Submitted by: Nils Narsch
Reviewed by: Geoff Thorpe, Ulf Moeller
---
 crypto/bn/bn_div.c | 81 ++++++++++++++++++++++++++++++------------------------
 1 file changed, 45 insertions(+), 36 deletions(-)

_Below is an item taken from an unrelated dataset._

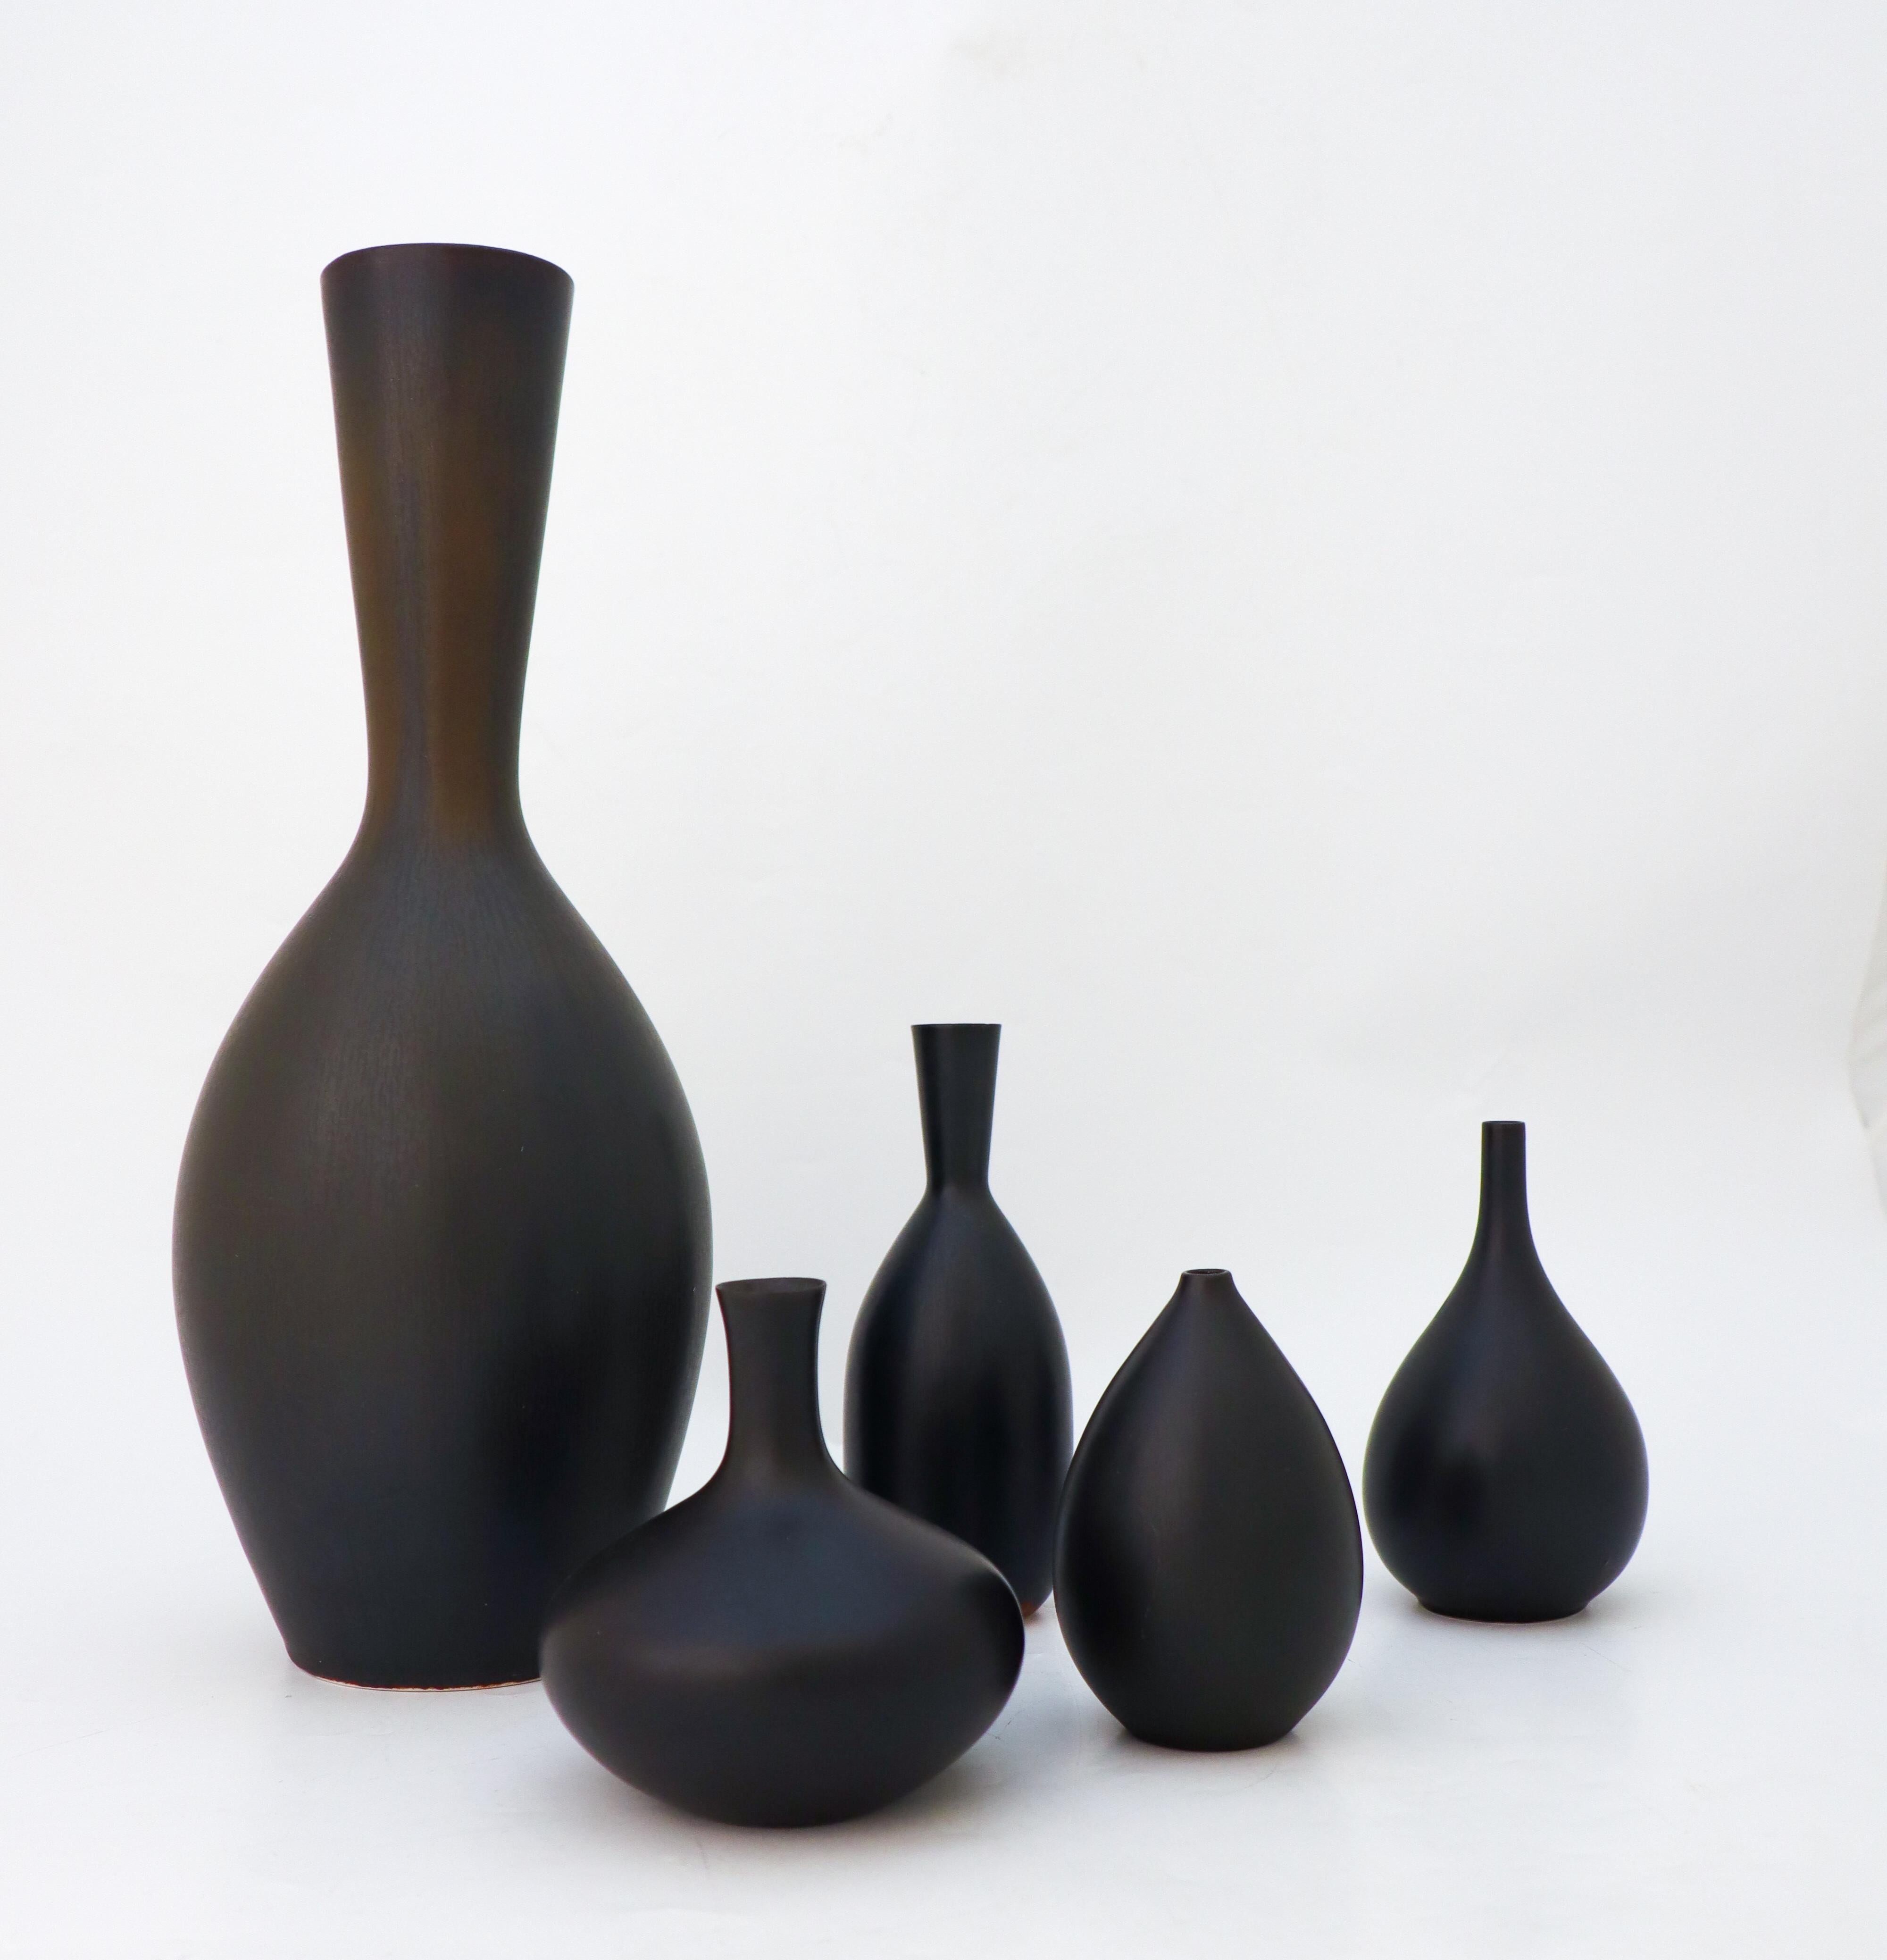 Eine Gruppe von fünf schwarzen Vasen, entworfen von Carl-Harry Stålhane bei Rörstrand. Die Vasen sind zwischen 10 und 34 cm hoch und in ausgezeichnetem Zustand, abgesehen von einigen kleinen Flecken und Kratzern. Drei der Vasen sind als 2. Qualität

(limited to 'crypto/bn/bn_div.c')

diff --git a/crypto/bn/bn_div.c b/crypto/bn/bn_div.c
index 0fef7ced20..2f464b31d1 100644
--- a/crypto/bn/bn_div.c
+++ b/crypto/bn/bn_div.c
@@ -179,14 +179,16 @@ int BN_div(BIGNUM *dv, BIGNUM *rem, const BIGNUM *m, const BIGNUM *d,
 int BN_div(BIGNUM *dv, BIGNUM *rm, const BIGNUM *num, const BIGNUM *divisor,
 	   BN_CTX *ctx)
 	{
-	int norm_shift,i,j,loop;
+	int norm_shift,i,loop;
 	BIGNUM *tmp,wnum,*snum,*sdiv,*res;
 	BN_ULONG *resp,*wnump;
 	BN_ULONG d0,d1;
 	int num_n,div_n;
 
-	bn_check_top(dv);
-	bn_check_top(rm);
+	if (dv)
+		bn_check_top(dv);
+	if (rm)
+		bn_check_top(rm);
 	bn_check_top(num);
 	bn_check_top(divisor);
 
@@ -224,15 +226,16 @@ int BN_div(BIGNUM *dv, BIGNUM *rm, const BIGNUM *num, const BIGNUM *divisor,
 	div_n=sdiv->top;
 	num_n=snum->top;
 	loop=num_n-div_n;
-
 	/* Lets setup a 'window' into snum
 	 * This is the part that corresponds to the current
 	 * 'area' being divided */
-	BN_init(&wnum);
-	wnum.flags = BN_FLG_STATIC_DATA; /* prevent accidental "expands" */
-	wnum.d=	 &(snum->d[loop]);
-	wnum.top= div_n;
-	wnum.dmax= snum->dmax - loop; /* so we don't step out of bounds */
+	wnum.neg   = 0;
+	wnum.d     = &(snum->d[loop]);
+	wnum.top   = div_n;
+#ifdef BN_DEBUG_RAND
+	/* only needed when BN_ucmp messes up the values between top and max */
+	wnum.dmax  = snum->dmax - loop; /* so we don't step out of bounds */
+#endif
 
 	/* Get the top 2 words of sdiv */
 	/* div_n=sdiv->top; */
@@ -251,22 +254,32 @@ int BN_div(BIGNUM *dv, BIGNUM *rm, const BIGNUM *num, const BIGNUM *divisor,
 	/* space for temp */
 	if (!bn_wexpand(tmp,(div_n+1))) goto err;
 
-	bn_correct_top(&wnum);
 	if (BN_ucmp(&wnum,sdiv) >= 0)
 		{
-		if (!BN_usub(&wnum,&wnum,sdiv)) goto err;
+#ifdef BN_DEBUG_RAND
+		/* If BN_DEBUG_RAND is defined BN_ucmp changes (via
+		 * bn_pollute) the const bignum arguments =>
+		 * clean the values between top and max again */
+		bn_clear_top2max(&wnum);
+#endif
+		bn_sub_words(wnum.d, wnum.d, sdiv->d, div_n);
 		*resp=1;
-		res->d[res->top-1]=1;
 		}
 	else
 		res->top--;
+	/* if res->top == 0 then clear the neg value otherwise decrease
+	 * the resp pointer */
 	if (res->top == 0)
 		res->neg = 0;
-	resp--;
+	else
+		resp--;
 
-	for (i=0; i<loop-1; i++)
+	for (i=0; i<loop-1; i++, wnump--, resp--)
 		{
 		BN_ULONG q,l0;
+		/* the first part of the loop uses the top two words of
+		 * snum and sdiv to calculate a BN_ULONG q such that
+		 * | wnum - sdiv * q | < sdiv */
 #if defined(BN_DIV3W) && !defined(OPENSSL_NO_ASM)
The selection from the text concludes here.